A safra 2013-2014 não se vê ameaçada apenas pelas lagartas e outras pragas já conhecidas, mas também pelo sucateamento da defesa agropecuária pelo governo federal. Desde setembro, os repasses aos órgãos estaduais dessa área estão suspensos, e vários Estados foram pressionados a devolver recursos que sobravam em caixa.

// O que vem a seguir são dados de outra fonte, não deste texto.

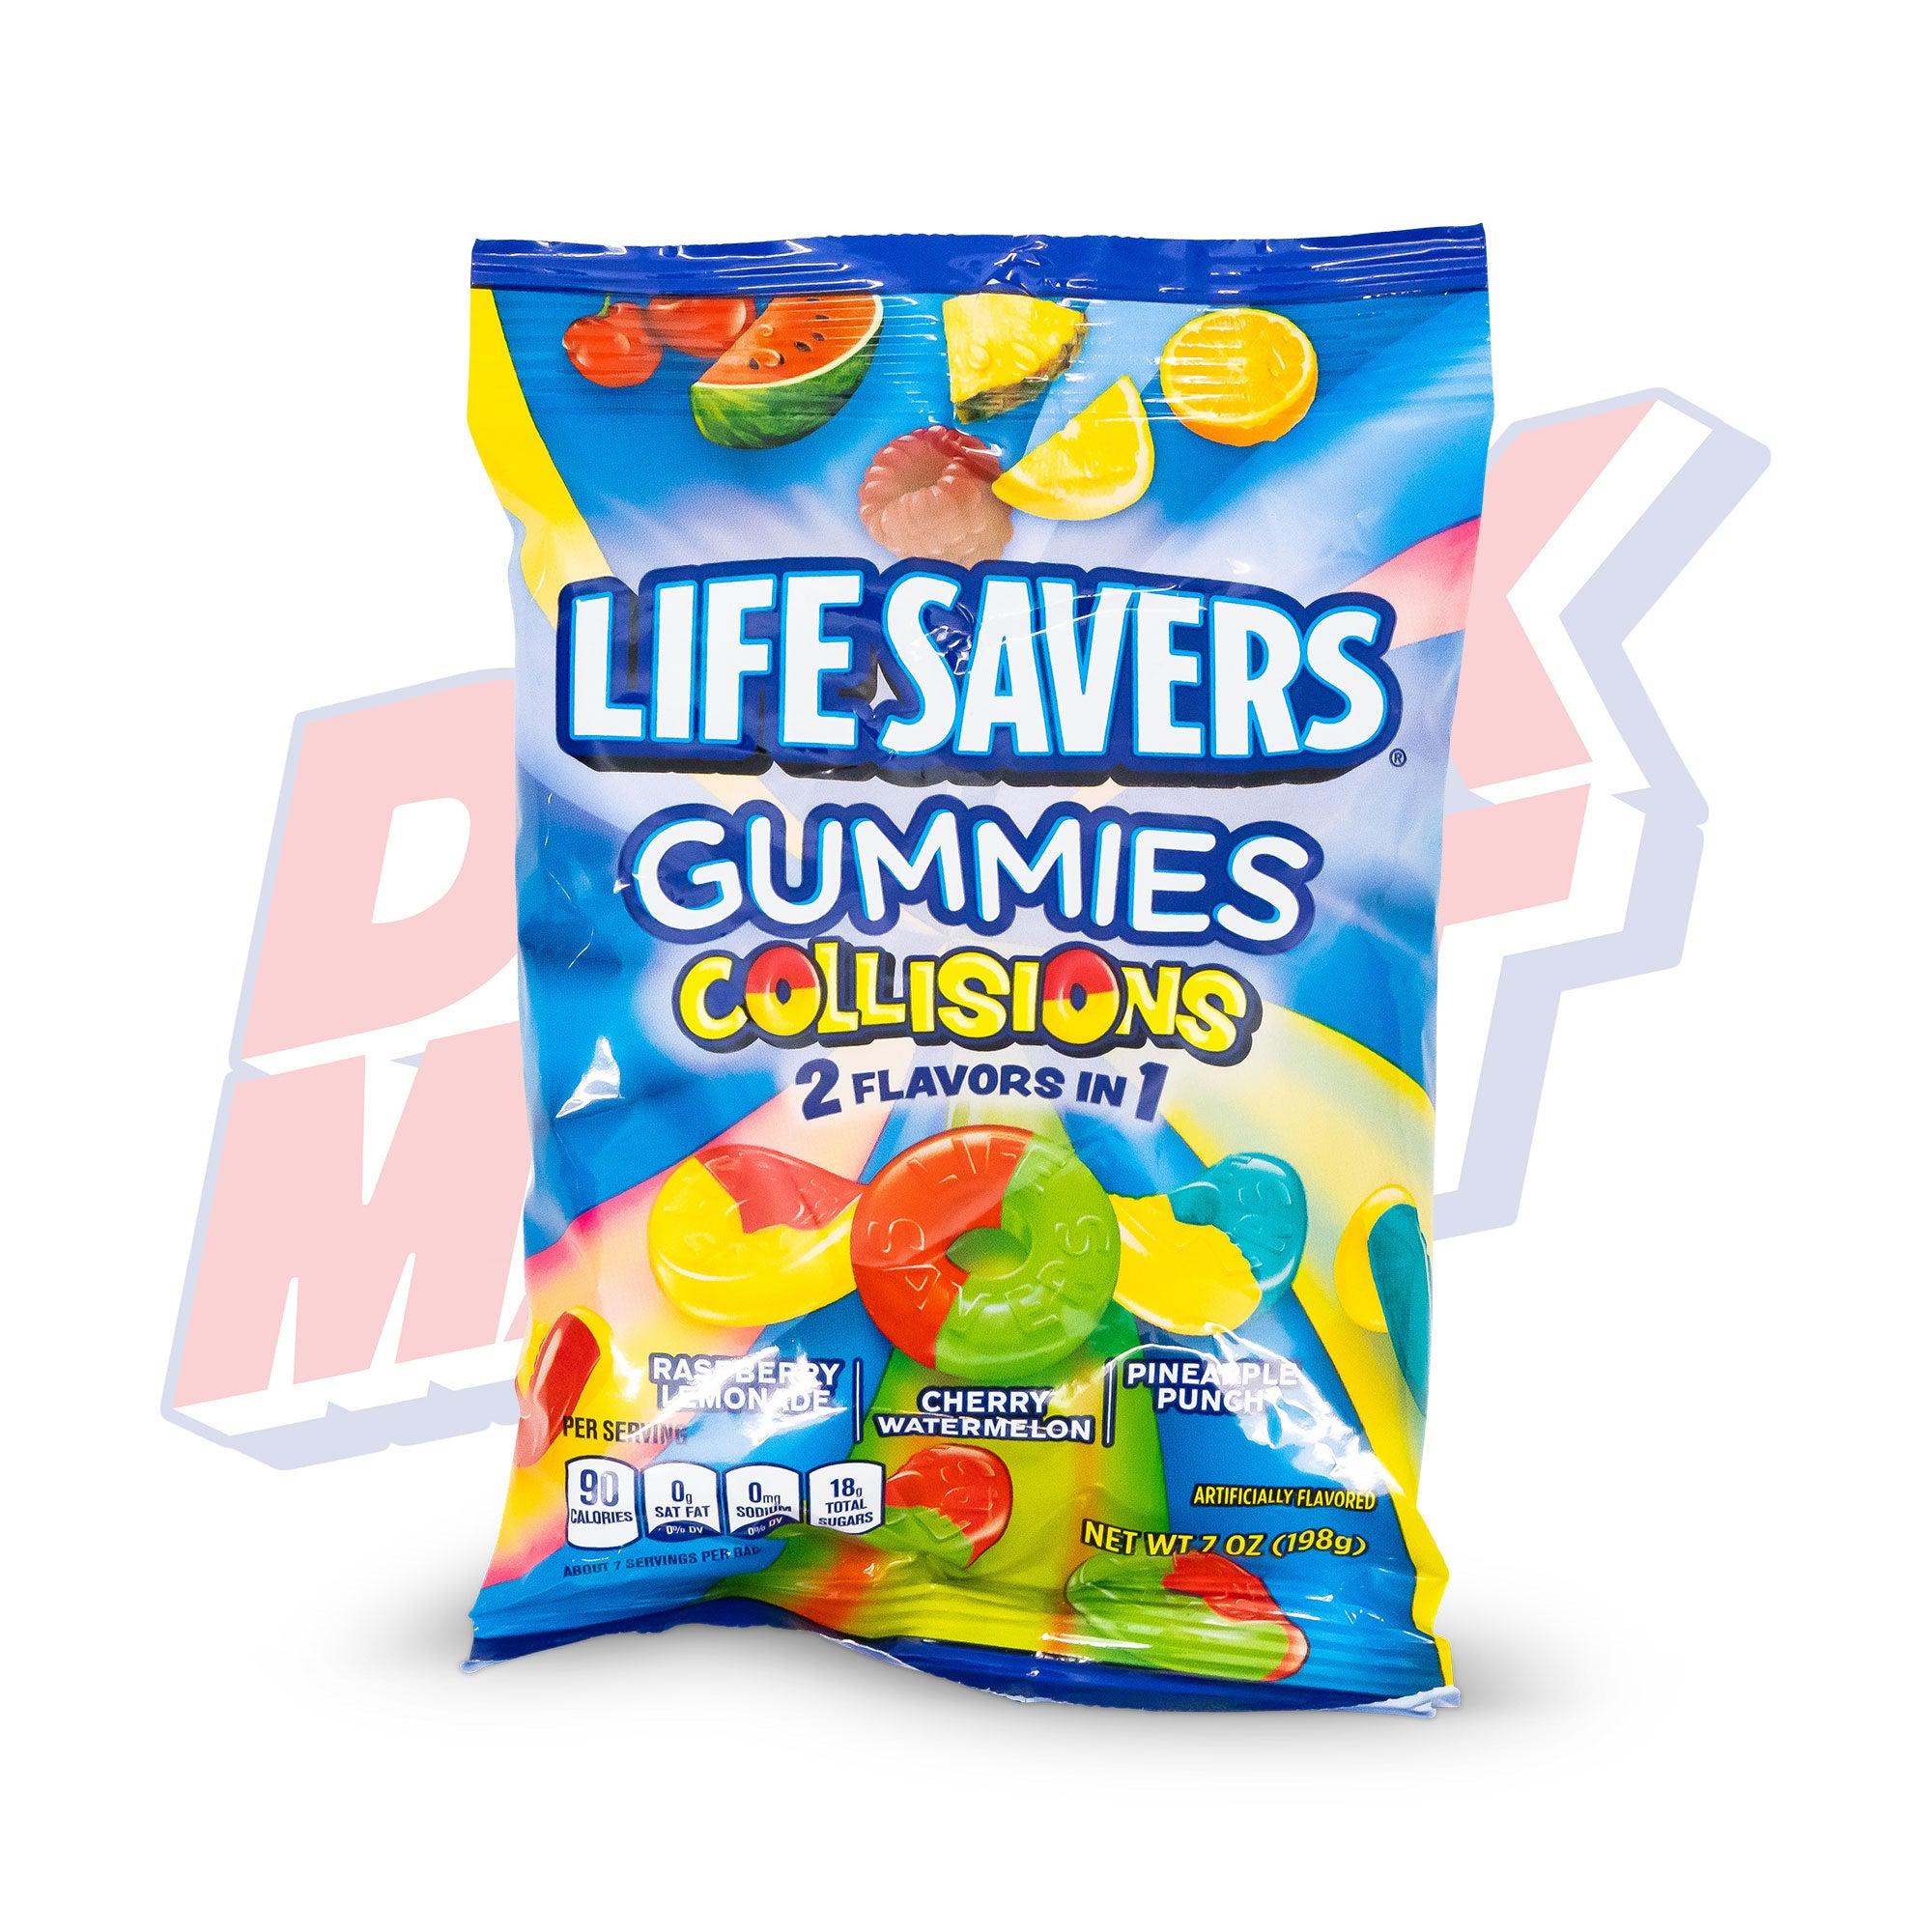 Lifesavers Gummies Collisions - 7oz

Com menos recursos para fiscalização e prevenção de pragas e doenças, o País está exposto a prejuízos no campo e ao risco de sua produção agrícola e pecuária ser barrada nos principais mercados internacionais.

O Estado de S.Paulo

13 de outubro de 2013 | 02h10

Há dois anos, a Secretaria de Defesa Agropecuária repassou parte de suas atribuições aos órgãos estaduais, com a promessa de envio de recursos, mediante a assinatura de convênios. Com base no Orçamento de 2013, a secretaria teria R$ 204 milhões para suas atividades. Até o momento, não conseguiu liberar mais da metade, R$ 103 milhões, e sofre também com o contingenciamento de recursos do Ministério da Agricultura. Os Estados teriam R$ 160 milhões a receber do governo federal se os repasses não tivessem sido podados.

O Estado de Goiás, um dos maiores produtores do País, foi chamado a devolver US$ 1,3 milhão, a sobra de caixa de 2012. Perdeu ainda os repasses de R$ 28 milhões, que seriam repartidos entre 2013 e o final de 2015. "Os Estados não têm como custear sozinhos a defesa agropecuária", diz o secretário de Agricultura de Goiás, Antônio Flávio Camilo de Lima.

A Bahia teve todos os seus convênios, com duração de quatro a cinco anos, cancelados. O secretário de Agricultura, Eduardo Salles, planejava receber R$ 37 milhões para a defesa vegetal e animal em cinco anos. Segundo Adriano Riesemberg, diretor de Defesa Agropecuária do Paraná, os programas com o Ministério da Agricultura para 2014 somavam R$ 7 milhões. "Nosso orçamento está feito. É de R$ 21 milhões, e inclui os R$ 7 milhões do governo federal."

Há duas semanas, o ministro da Agricultura, Antônio Andrade, ouviu o apelo de 24 secretários estaduais em defesa dos convênios. Salles, que preside o Conselho de Secretários Estaduais de Agricultura, deixou clara a ameaça de devolução da responsabilidade pela defesa agropecuária ao governo federal, caso os convênios não sejam cumpridos. Na semana passada, o ministro disse que os recursos estão sendo liberados "na medida do possível". / D.C.M.